▸ Supplied data
[Start of section]
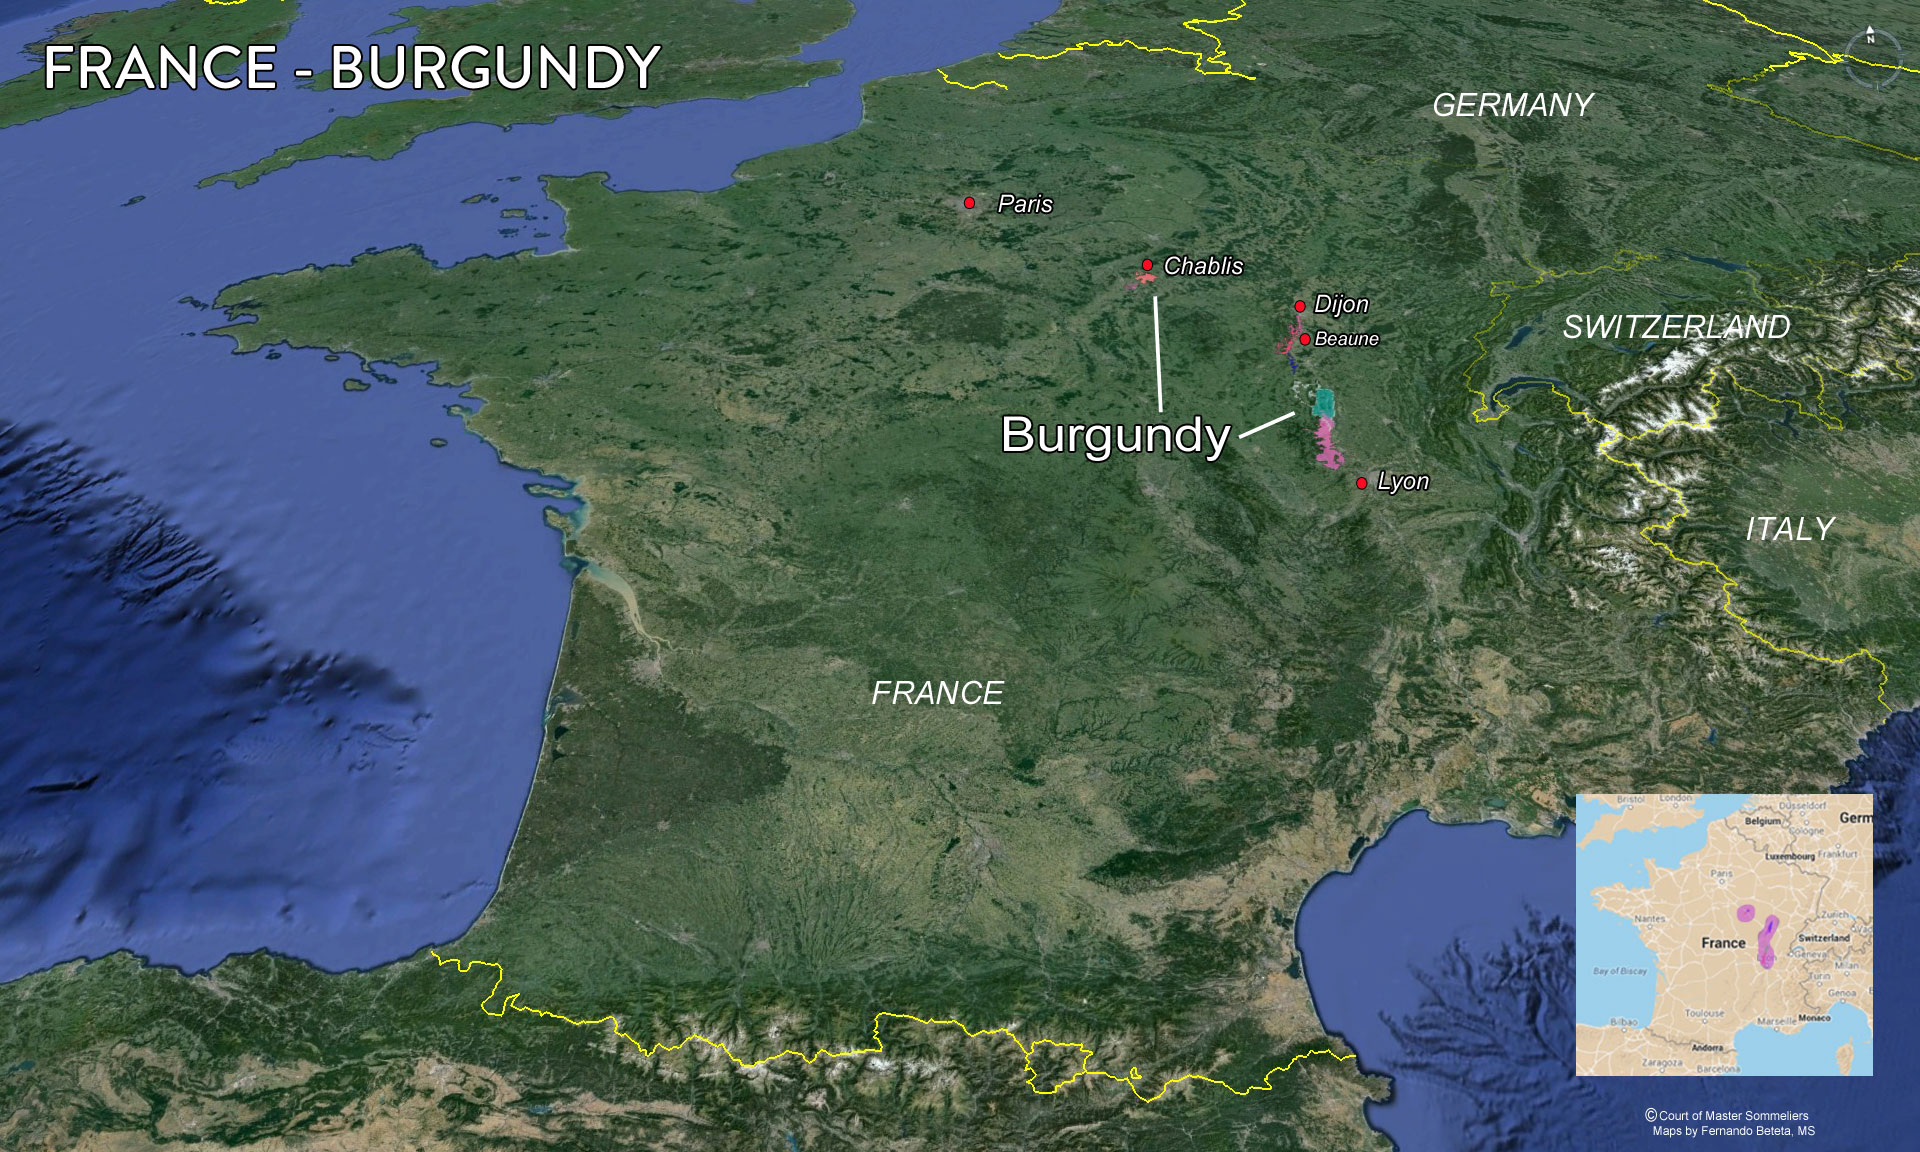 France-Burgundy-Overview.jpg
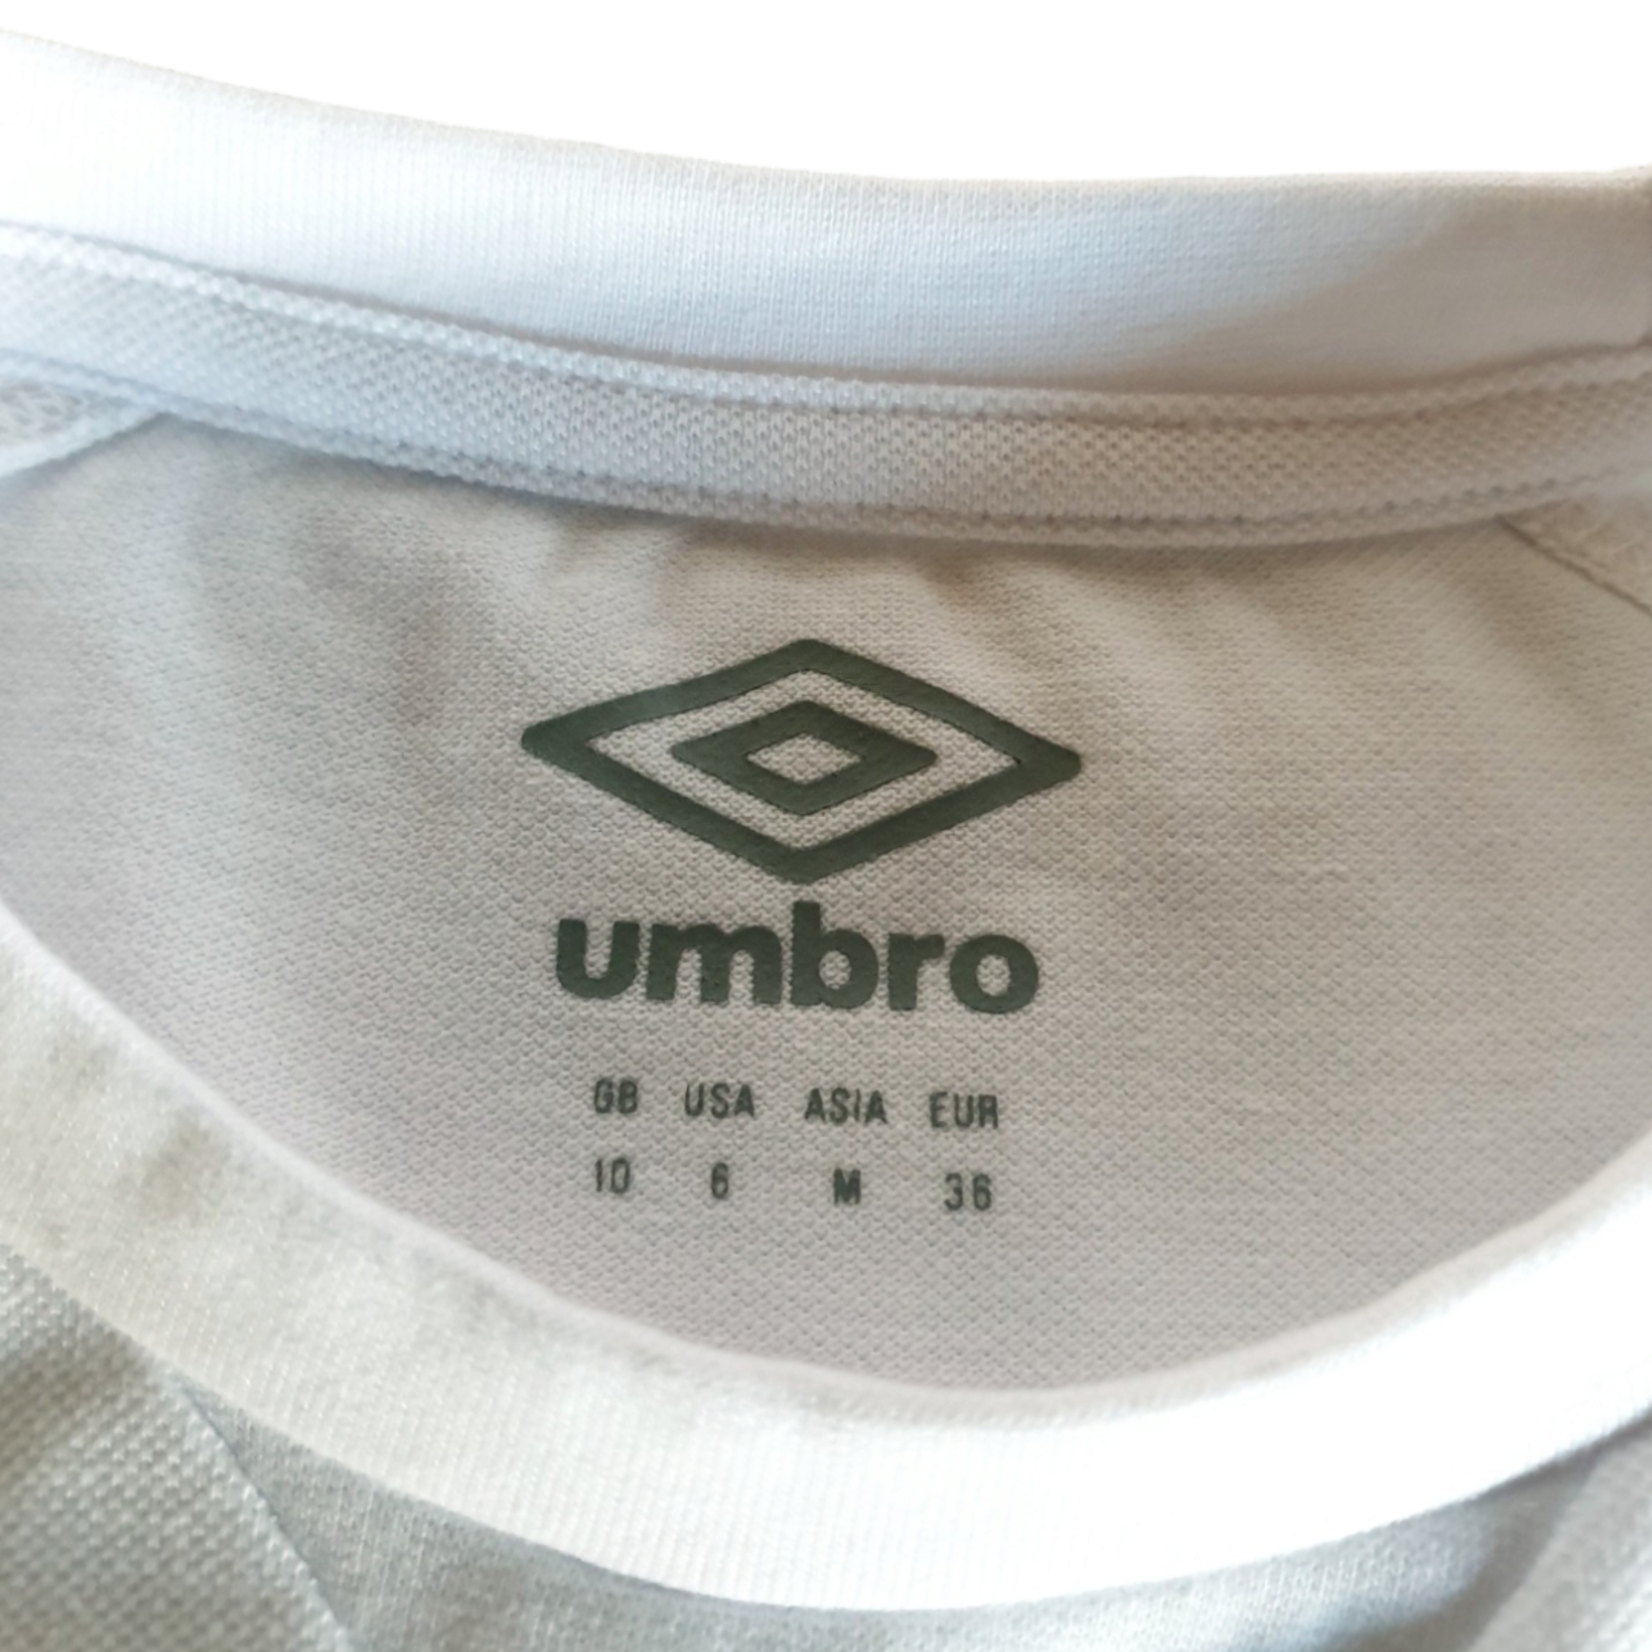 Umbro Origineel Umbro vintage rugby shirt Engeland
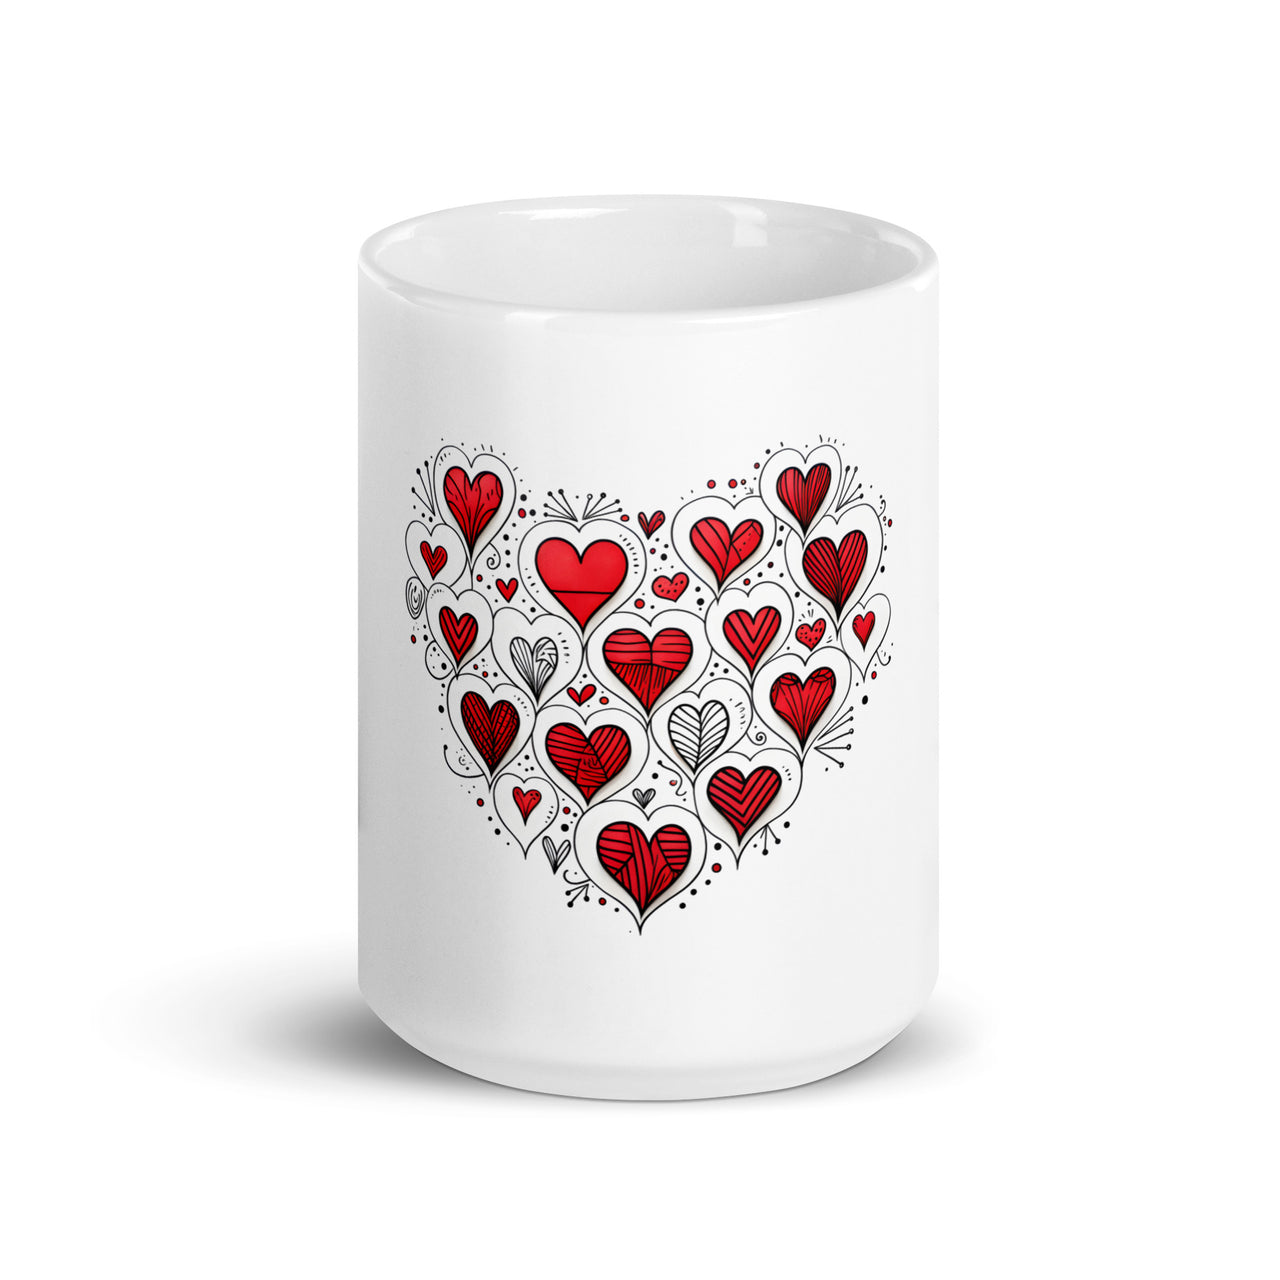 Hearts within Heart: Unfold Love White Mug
[End of section]
▸ Task to complete
Go through the listing and restate each line word for word, leaving out the pictures.

▸ Output for this exercise
 France-Burgundy-Overview.jpg
 Umbro Origineel Umbro vintage rugby shirt Engeland
 Hearts within Heart: Unfold Love White Mug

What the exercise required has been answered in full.